Protect PII in web app database by encrypting with public key paired with private key protected by users' own passwords?

Question

Goal:

I'd like to allow users to create questions and collect information from other users in a custom web app (PHP/MySQL in a shored hosting environment) and protect the data collected.

Background:

The default questions that all users answer are general enough that they can not be construed as personally identifiable information (PII), thus limiting my liability to protect it, but users who create their own questions will likely ask for PII which then becomes a liability.

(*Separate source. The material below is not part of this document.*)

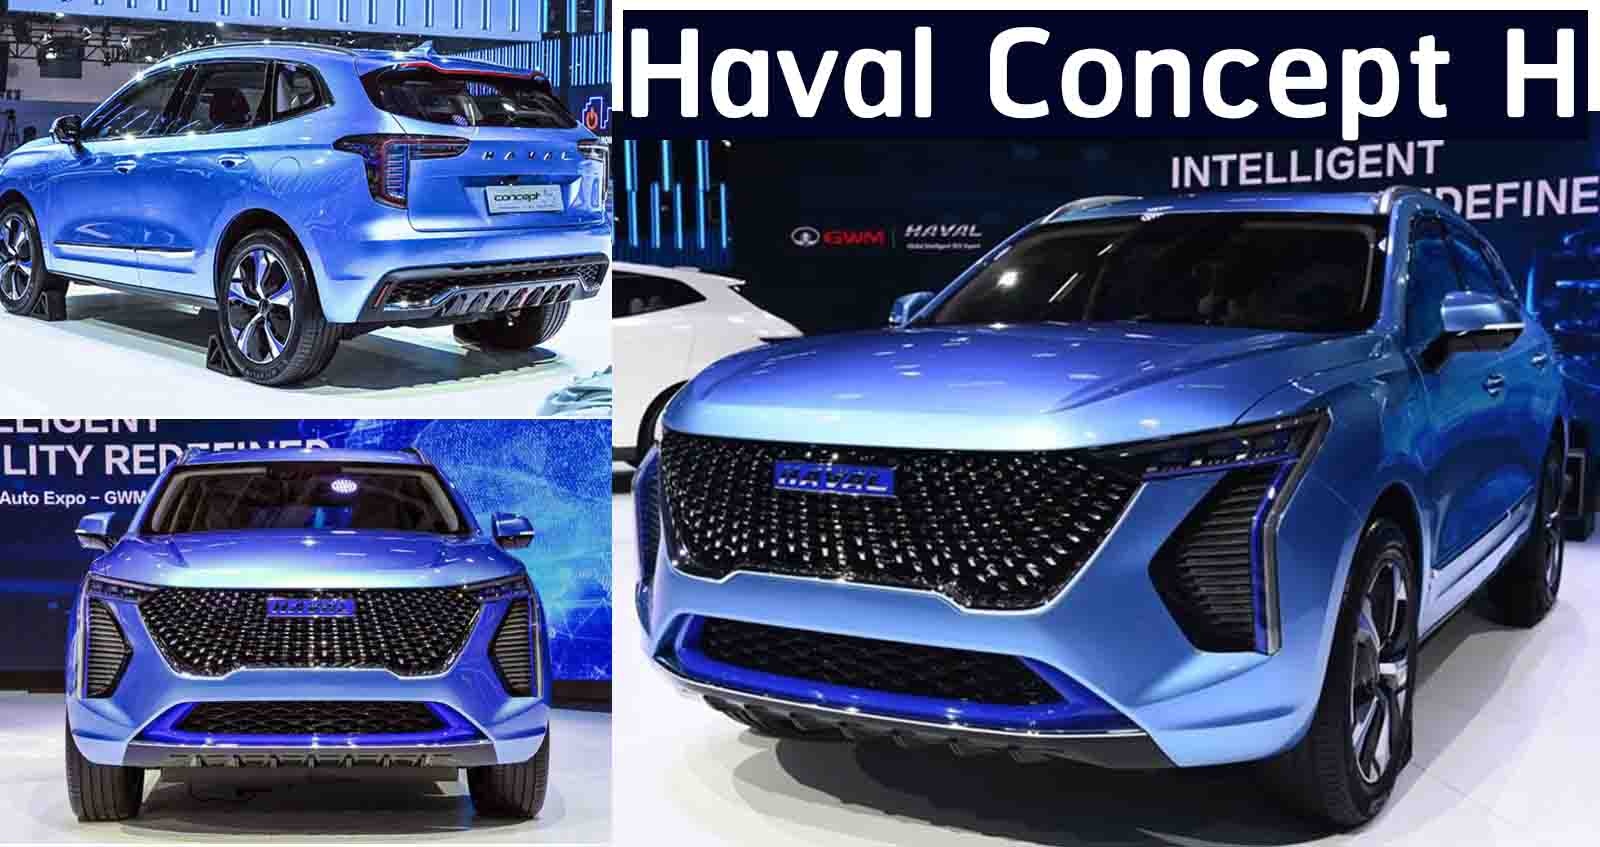 Haval Concept H รถต้นแบบของ ซีรีย์ H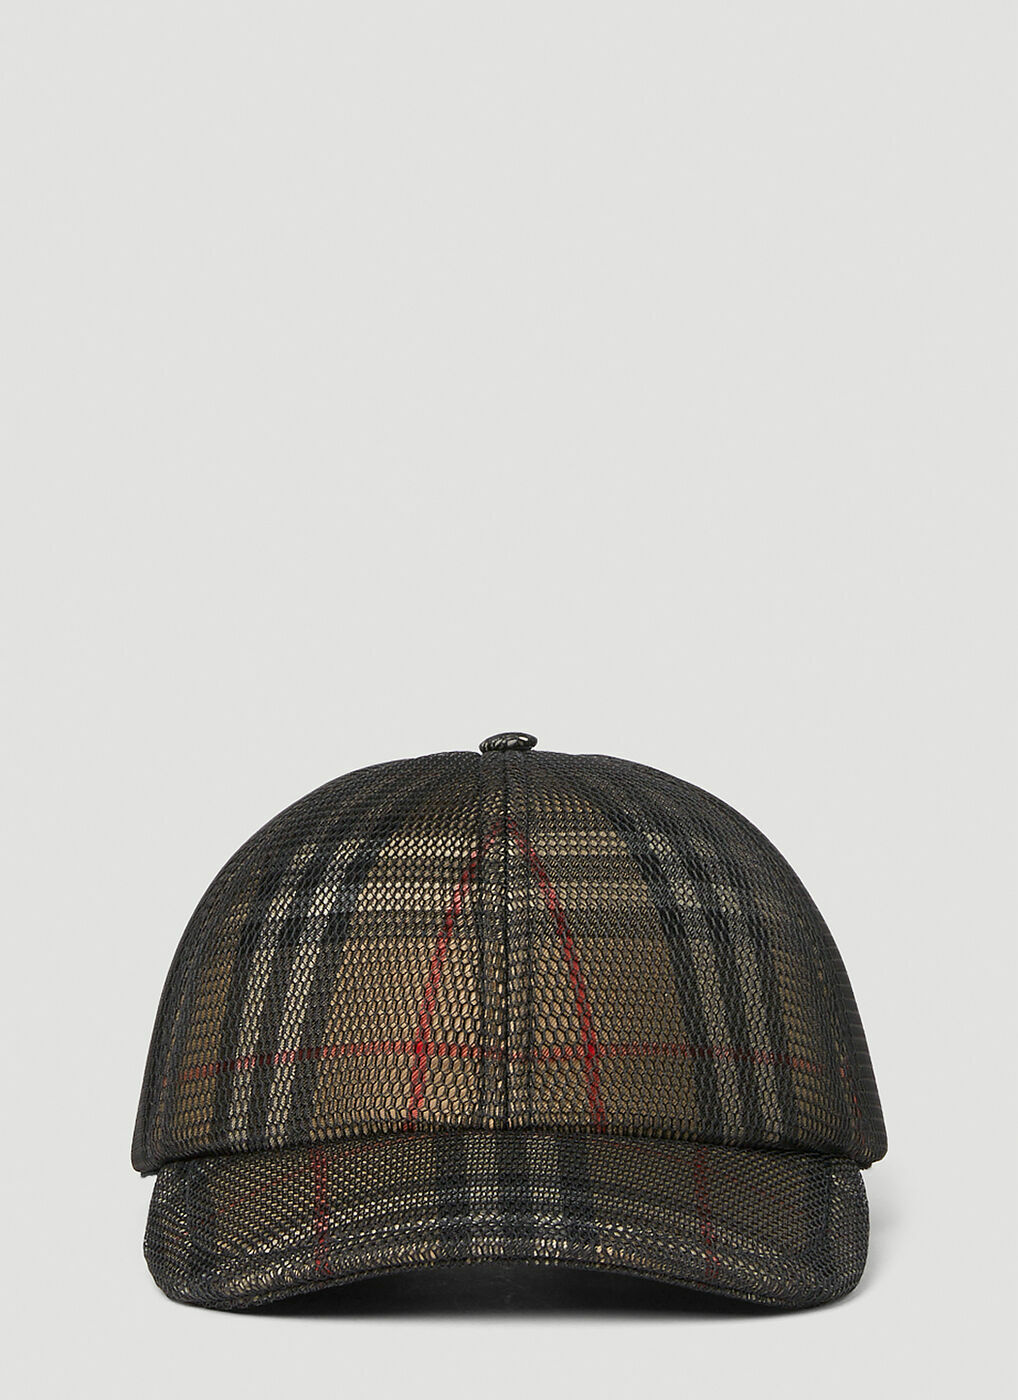 Burberry - Mesh Check Baseball Hat in Beige Burberry

What I would like to do is protect this information in such a way that if either the hosting account or the database were compromised (or both!), the PII would not be recoverable without a significant amount of work, and even then, only a small portion would theoretically be recoverable.

Proposed solution:

Assuming MySQL's built-in AES_ENCRYPT()/AES_DECRYPT() functions are used to encrypt the PII table, the passphrase would need to be stored in the hosting account, so if the hosting account were compromised, the data could easily be read.

Since the users' passwords are well protected (hashed with salt), I'm thinking of capturing their plaintext password during authentication, encrypting it, and storing it in the PHP session until the user logs out.

A public/private key combo will be created for each user with the private key being password protected with the user's password + salt.

Then, when PII data based on that user's custom questions are added to the DB, the user's public key would be used to encrypt the PII that they collected through the app. When the data is read (only when the user is logged in), the data would be unencrypted with the user's private key (which is unlocked with their password + salt).

The benefits I see are:

1. in the worst case scenario, where servers completely compromised, app code is read to find encryption keys, PHP session files are decrypted to find user's passwords, then entries in the PII table associated with that user are decrypted, then only the PII collected from questions of currently logged-in users could be recovered. Any users not logged in would be safe.
2. even the DBA or similar wouldn't be able to read the PII.

The drawbacks I see are:

1. user passwords are stored in a recoverable form while they are logged in.
2. users who forget their passwords would loose access to their data.
3. each relatively small bit of data will take up much more space in the DB due to encryption.

My question: Is there a better way to do this?

Answer 1

I see a number problems with this design from a security perspective. First of all passwords must never be encrypted, this is a vulnerability identified by CWE-257.

Further more MySQL's AES_ENCRYPT() is complete garbage for more than one reason. It uses EBC mode, and here is a good example of why this is crap:

Original Image:

EBC Mode (which is what mysql's AES_ENCRYPT() uses):

But if the database where compromised the attacker is going to defeat AES_ENCRYPT() by enabling the query log.

Using the user's password for encryption should be avoided, you should be using a crypgoraphic nonce. If you do use a password make sure you use a String2Key funciton. You must also use CBC or CMAC mode with a random iv. I don't really see how asymmetric cryptography can help. Asymmetric cryptography is very slow, memory intensive. They data that it protects is made less secure when the attacker controls the message because you can compare cipher text messages. This is why an random IV is important, and in the asymmetric world you don't have this level of protection.

Key Generation should look something like: $key=string2key($base_nonce.$salt.$user_password)

Make sure the output of your string2key function is the same size as your keyspace. So aes 128 needs a 128bit key. Each password should have its own $salt, and the $base is a cryptographic nonce stored in textfile. (An attacker would have to read this file before he can crack the key, if this value is large like 128 bits then its a moot point.) Each message needs its own $iv and this value must also be a cryptographic nonce (similar to a salt). I would generate the $salt,$iv and $base_nonce from /dev/urandom. The IV can be stored in plain text in a column in your database along with the cipher text.

From a legal standpoint even if you build a secure cryptogrpahic system you still have problems with insider threats and if the server is completely compromised, all of the data will still be compromised. This really isn't an engineering problem.

The best defense against a legal threat is a strong Terms and Conditions written by a skilled lawyer.

Answer 2

One concern I'd have is the following. The "any users not logged in would be safe" part is too optimistic. By protecting the private key with the user's password, you open yourself up to various password brute-forcing attacks. Not just for current sessions, but for all. One effective one is to simply enumerate the top 100 common passwords, say, and just try them out against all users. Attacker is bound to uncover some keys. (I'm assuming that you're either storing per-user random salt with the user record, which the attacker can see, or else that you have a secret salt that the attacker was able to obtain through the compromise.)